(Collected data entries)

* * *

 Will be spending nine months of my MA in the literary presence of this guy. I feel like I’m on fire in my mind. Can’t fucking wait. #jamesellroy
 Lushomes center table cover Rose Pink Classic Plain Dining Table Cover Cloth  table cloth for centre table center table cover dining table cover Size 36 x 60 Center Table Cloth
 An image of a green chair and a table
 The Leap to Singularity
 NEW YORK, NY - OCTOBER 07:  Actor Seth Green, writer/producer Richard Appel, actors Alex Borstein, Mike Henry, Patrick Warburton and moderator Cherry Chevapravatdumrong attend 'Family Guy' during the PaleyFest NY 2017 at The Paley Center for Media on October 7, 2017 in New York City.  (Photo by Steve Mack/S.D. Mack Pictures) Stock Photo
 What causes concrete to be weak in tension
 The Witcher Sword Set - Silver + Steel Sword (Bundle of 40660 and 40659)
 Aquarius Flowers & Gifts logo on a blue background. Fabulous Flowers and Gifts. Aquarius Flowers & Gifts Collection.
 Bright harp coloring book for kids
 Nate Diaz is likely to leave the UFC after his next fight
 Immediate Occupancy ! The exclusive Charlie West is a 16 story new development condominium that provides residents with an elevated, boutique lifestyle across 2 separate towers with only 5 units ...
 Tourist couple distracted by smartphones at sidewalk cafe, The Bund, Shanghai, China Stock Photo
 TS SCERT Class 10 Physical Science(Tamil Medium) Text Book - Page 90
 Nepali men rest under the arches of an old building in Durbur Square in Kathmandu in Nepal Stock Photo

* * *

[Your goal] Begin at the line that has "Bright harp coloring book for kids" in the entries above; stop after the line that has "Tourist couple distracted". Transcribe exactly those lines and no others.

[Written response]
 Bright harp coloring book for kids
 Nate Diaz is likely to leave the UFC after his next fight
 Immediate Occupancy ! The exclusive Charlie West is a 16 story new development condominium that provides residents with an elevated, boutique lifestyle across 2 separate towers with only 5 units ...
 Tourist couple distracted by smartphones at sidewalk cafe, The Bund, Shanghai, China Stock Photo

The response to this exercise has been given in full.